Bien entendu, Iry ne risquait rien. Quoiqu'il semblât quelque peu suspicieux, par certains égards, il lui apparaissait en même temps comme quelqu'un de passablement moins agressif et emporté que le restant de sa race. Était-ce parce qu'il était un Crache-cendres ? Non, cela n'avait aucun sens. Les Eradrins avaient le sang chaud, c'était un fait. Des millénaires d'une éducation dans ce sens devait bien déteindre sur même le plus incompétent des Crache-cendre. Peut-être cet homme avait-il voyagé, se mêlant aux autres races, empruntant à leur mentalité pour se forger une personnalité plus mesurée que ne le suggérait son ascendance. Lui-même comprenait qu'on puisse étouffer dans le carcan des archétypes. Il avait connu parmi les siens des furieux dont la fougue égalait celle des Eradrins, de fins esprits et de maudits conspirateurs qu'on eut crû élevés par les Ondaliens, et des rêveurs patentés qui auraient connu leur bonheur en Altheria. Pour ceux-là, la vie était souvent bien dure, et la division de la société en caste n'arrangeait rien. Sa famille en était le parfait exemple. Quant au fait qu'Iry se montre différent, et bien... c'était préférable, en un sens.

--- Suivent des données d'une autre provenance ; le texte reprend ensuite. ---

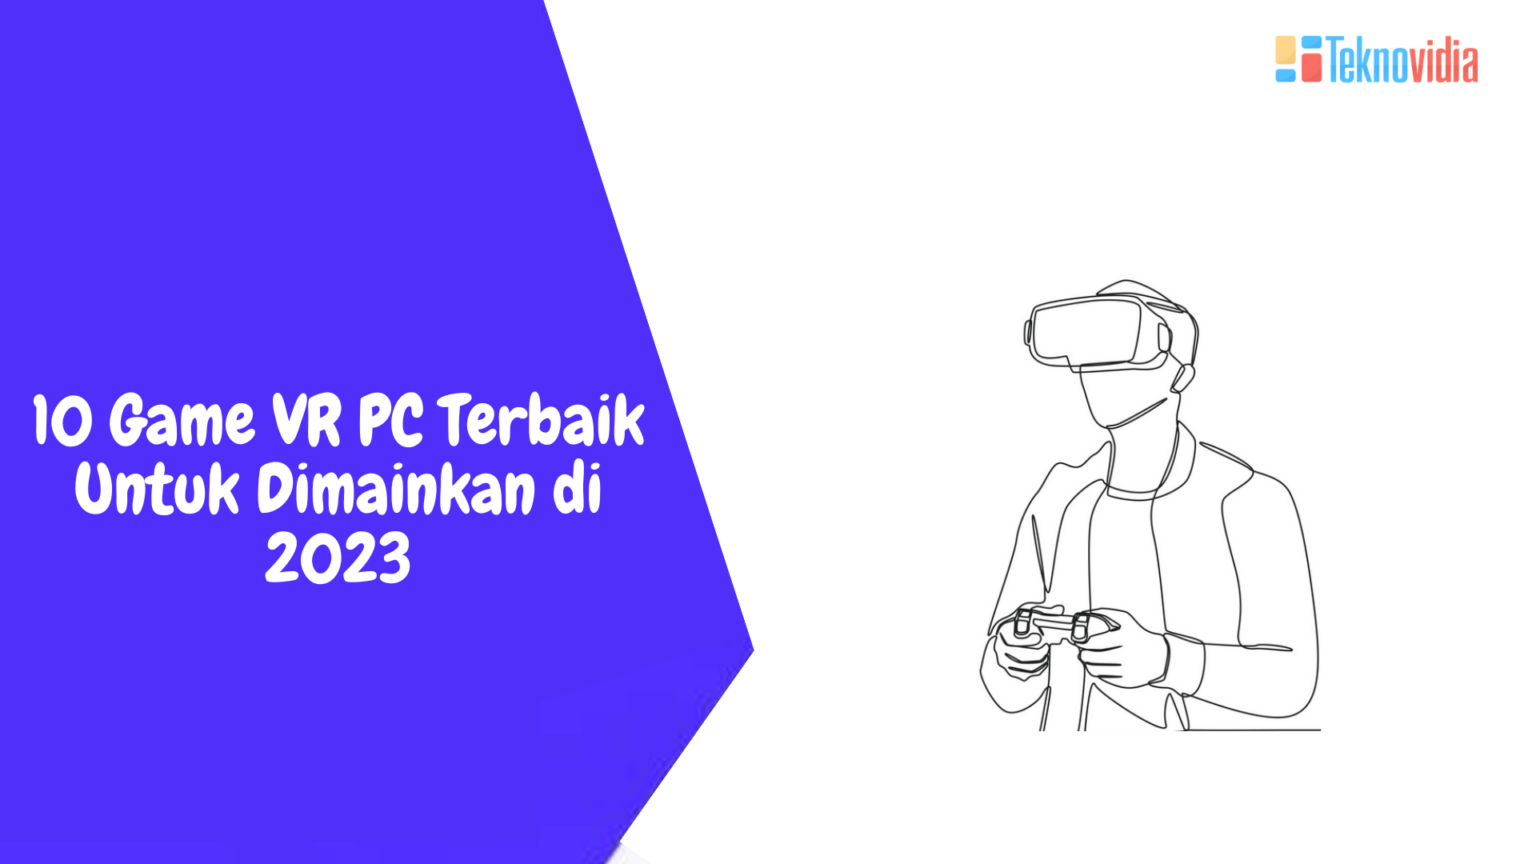 10 Game VR PC Terbaik Untuk Dimainkan di 2023

Son aventure avec Jathel Linandëis lui avait montré que le peuple du feu faisait parfois preuve de plus de courage et d'honneur que de bon sens. Et il sentait qu'il n'aurait pas à s'inquiéter de pareils excès aux côtés d'Iry. Cela, peut-être plus que tout le reste, expliquait la confiance qu'il lui accordait. Et en même temps les réserves qu'il conservait à son égard.

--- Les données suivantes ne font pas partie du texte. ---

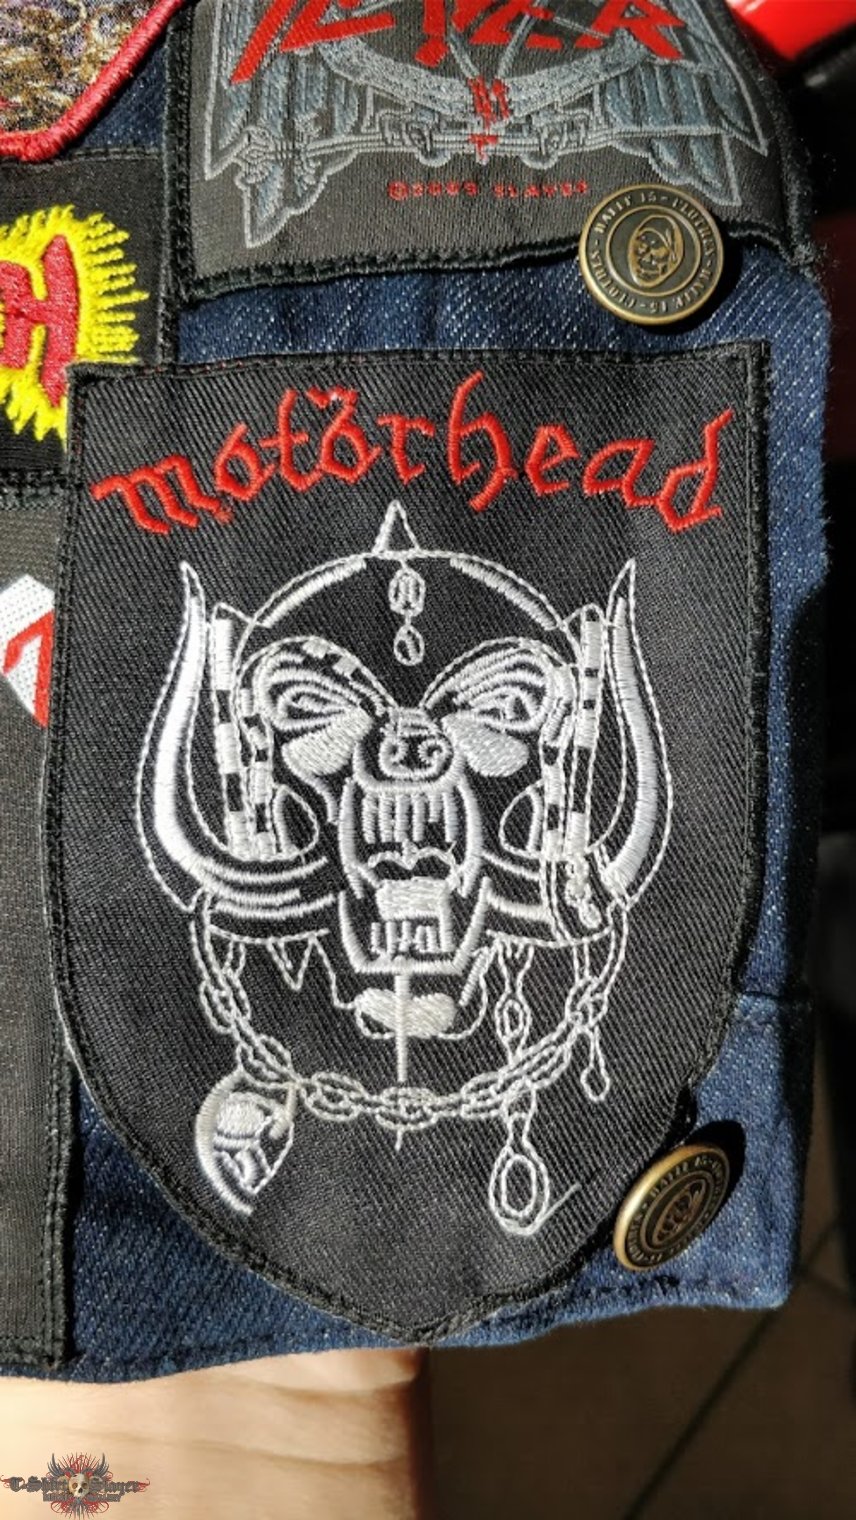 Motörhead Mötorhead - Snaggletooth - Woven Patch

Et bien, dit-il, je n'y vois aucun inconvénient. Si peu de temps après le lever, il n'est pas sage d'ingurgiter des boissons alcoolisés. Un thé sera très bien, oui. Et puis nous pourrons parler sans être couverts par le bruit. Même si les salles communes des tavernes sont sans nul doute plus occupées en ce moment par des soulards assommés au cours de quelque bagarre et d'ivrognes assoupis que de joyeux, mais beuglants, fêtards. Vous pourrez m'entretenir de ce que je pourrais ignorer. Et je vous assure que bien des choses ne sont pas venues à ma connaissance. En retour, et si je juge que cela ne menace pas les intérêts de mon peuple ou la Paix des Quatre, je répondrai à vos questions. Cela dit, à moins que je ne me trompe, vous n'avez pas une tête à comploter, que ce soit contre moi ou qui que ce soit. Enfin bref, prenez les devants et guidez-moi jusqu'à votre salon de thé. Si je ne m'abuse, nous devrions y trouver votre ami. Si ce dernier est en prime Ondalien, nous formerons là une bien étrange compagnie pour les gens du coin.

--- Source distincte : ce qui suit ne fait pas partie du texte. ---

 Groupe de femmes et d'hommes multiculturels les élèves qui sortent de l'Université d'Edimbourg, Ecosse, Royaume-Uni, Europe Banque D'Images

Il fit un geste, signifiant à Iry de passer devant. Les choses suivaient leur cours. Il avait eu dans l'idée de faire une rencontre amicale, et il avait toujours cet espoir. Mais il se rendait compte en même temps qu'il était curieux de voir ce que pourrait lui demander l'Eradrin. Et, du fait de son patronyme, il commençait à entrapercevoir sur quoi se porterait ses interrogations... ou plutôt sur qui.